Judge: Theresa M. Traber, Case: 22STCV04378, Date: 2022-08-05 Tentative Ruling
Case Number: 22STCV04378 Hearing Date: August 5, 2022 Dept: 47
Tentative Ruling
Judge Theresa M. Traber, Department 47
HEARING DATE: August 5, 2022 TRIAL
DATE: NOT SET
CASE: G&P Group Inc., v. City National
Bank
CASE NO.: 22STCV04378 ![]()
MOTION
FOR ORDER APPOINTING JUDICIAL REFEREE, SELECTING A REFEREE, STAYING THE ACTION,
AND FOR ATTORNEY’S FEES AND COSTS
![]()
MOVING PARTY: Defendant City National Bank
RESPONDING PARTY(S): Plaintiff G&P
Group Inc.
STATEMENT
OF MATERIAL FACTS AND/OR PROCEEDINGS:
This is an action, filed on February 3, 2022, for breach of contract
stemming from a commercial banking agreement.

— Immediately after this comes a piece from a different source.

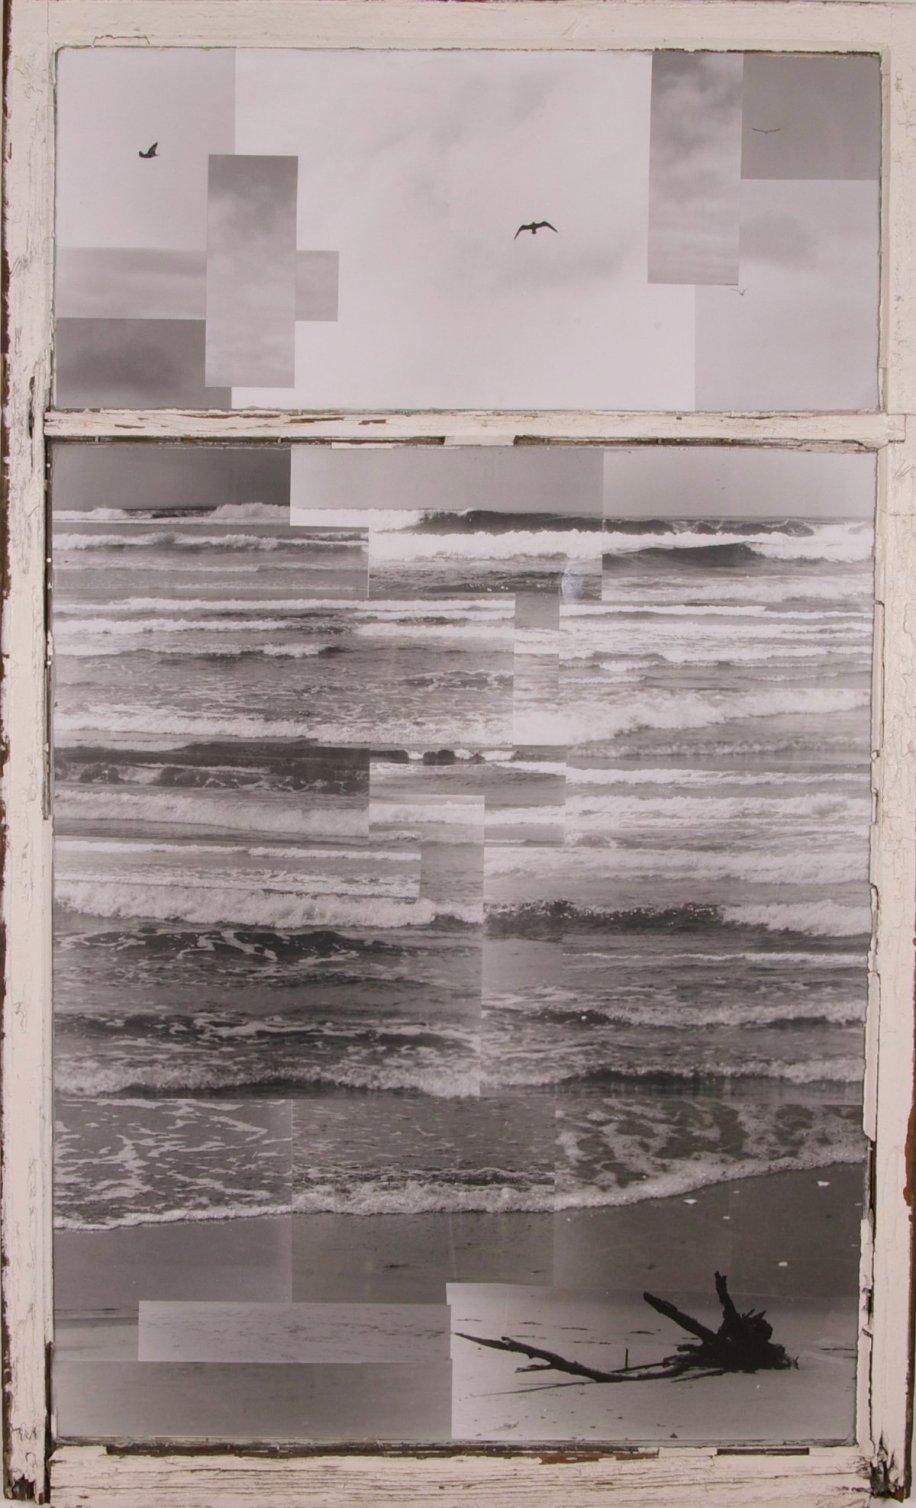 Johnathan Livingston Seagull 4 ft x 6 ft SOLD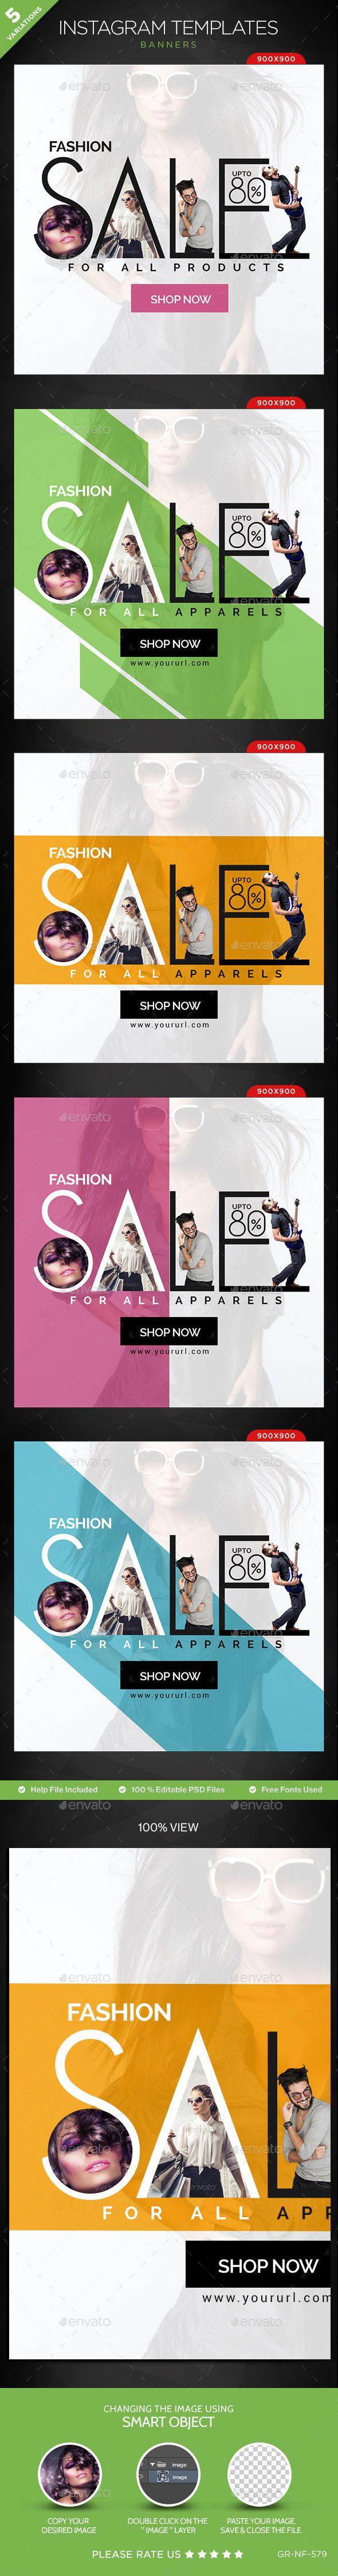 Sales Instagram Templates - 5 Designs

Defendant moves for an order
appointing and selecting a judicial referee, staying the action, and for
attorney’s fees and costs.
TENTATIVE RULING:
Defendant’s Motion for Judicial
Reference is GRANTED. The Court appoints Hon. George H. King (Ret.) as the
judicial referee to preside over all issues in this matter.
The Court orders this matter stayed
pending resolution by the judicial referee. Any and all future dates are advanced and
vacated. A Status Conference/OSC re: Dismissal is set for August 7, 2023, at
8:30 a.m.
Defendant’s
request for attorney’s fees is DENIED.
DISCUSSION:
Defendant moves for an order
appointing and selecting a judicial referee, staying the action, and for
attorney’s fees and costs.
Plaintiff’s Evidentiary Objections
Plaintiff
objects to the Declarations of Robert Wartburg and Lance Jurich on numerous
grounds. Plaintiff cites no statute or precedent requiring the Court to rule on
evidentiary objections on a motion to compel judicial reference as opposed to
an Anti-SLAPP motion to strike or a motion for summary judgment. (See Code Civ.
Proc. §§ 425.16; 437c.) The Court therefore declines to do so. To the extent
that Plaintiff’s objections are relevant to the Court’s ruling, those
objections go to the weight of Defendant’s evidence.
Motion to Appoint Referee
Code of Civil Procedure section 638
states that a referee may be appointed “upon the motion of a party to a written
contract or lease that provides that any controversy arising therefrom shall be
heard by a referee if the court finds a reference agreement exists between the
parties.” (Code Civ. Proc. § 638.)¿A motion to compel judicial reference is
essentially¿analogous to a motion to compel arbitration, and similar
authorities and principles may be relied upon in arguing or opposing the
motion. (See¿O’Donoghue¿v. Superior Court¿(2013) 219 Cal.App.4th 245.)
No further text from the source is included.